++++ Records to process

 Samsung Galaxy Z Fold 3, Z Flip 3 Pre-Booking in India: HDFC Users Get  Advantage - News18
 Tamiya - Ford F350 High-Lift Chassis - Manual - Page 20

++++++++
++++ Records to process

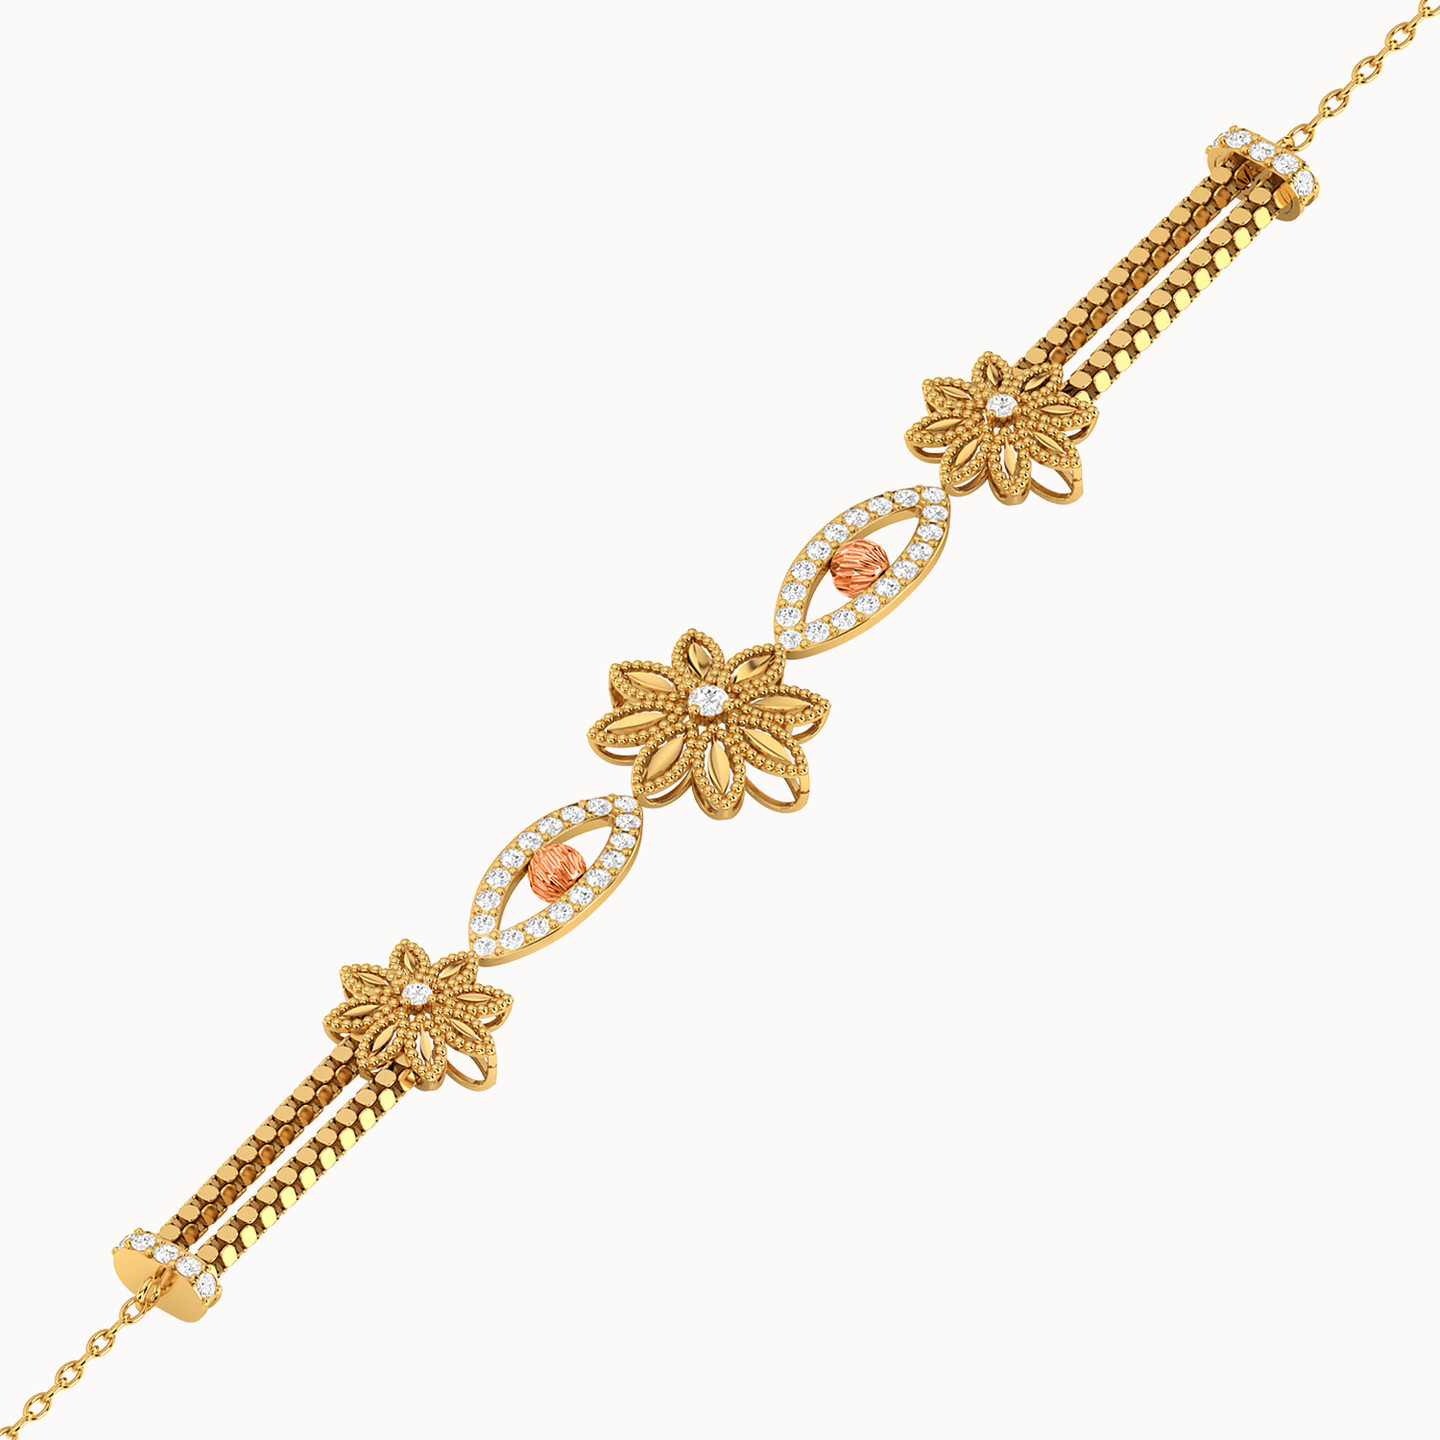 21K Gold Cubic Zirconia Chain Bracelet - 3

++++++++
++++ Records to process

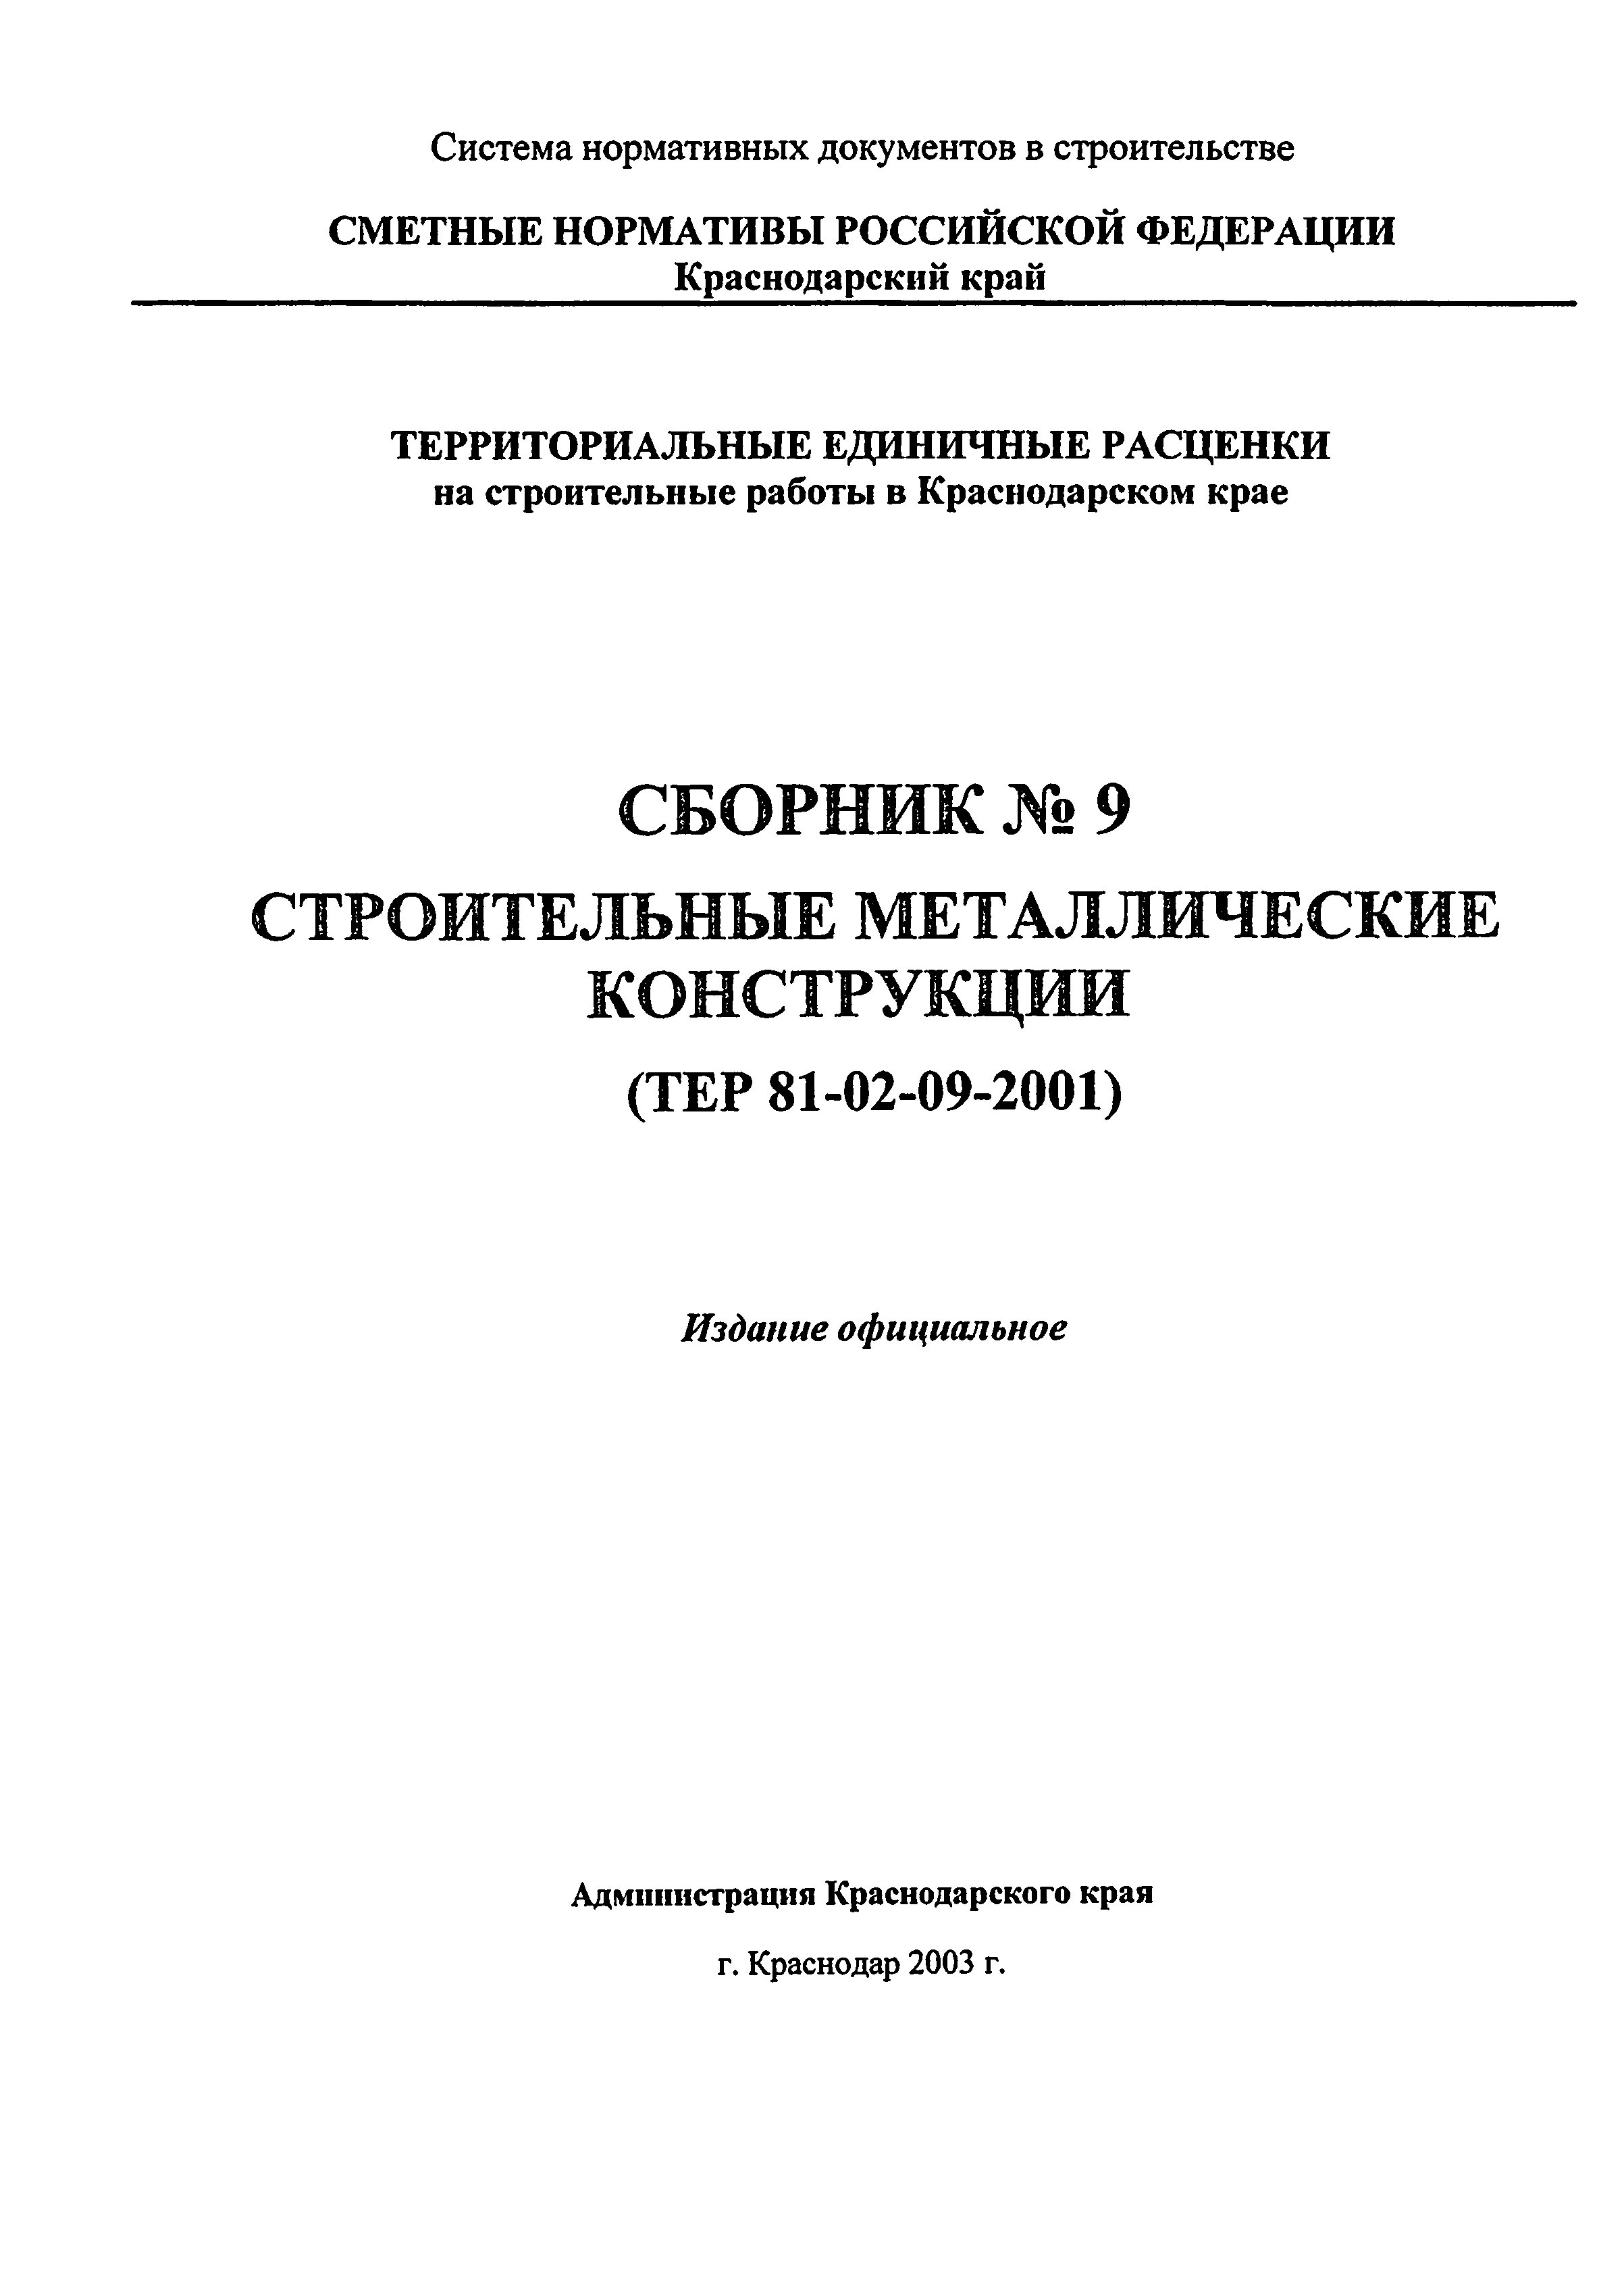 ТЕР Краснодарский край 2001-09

++++++++

> **What to produce**
Set down, exactly as they stand above, the lines starting with the line with "Samsung Galaxy Z" and going on through the line with "Tamiya - Ford", and no others.

> **Task output**
 Samsung Galaxy Z Fold 3, Z Flip 3 Pre-Booking in India: HDFC Users Get  Advantage - News18
 Tamiya - Ford F350 High-Lift Chassis - Manual - Page 20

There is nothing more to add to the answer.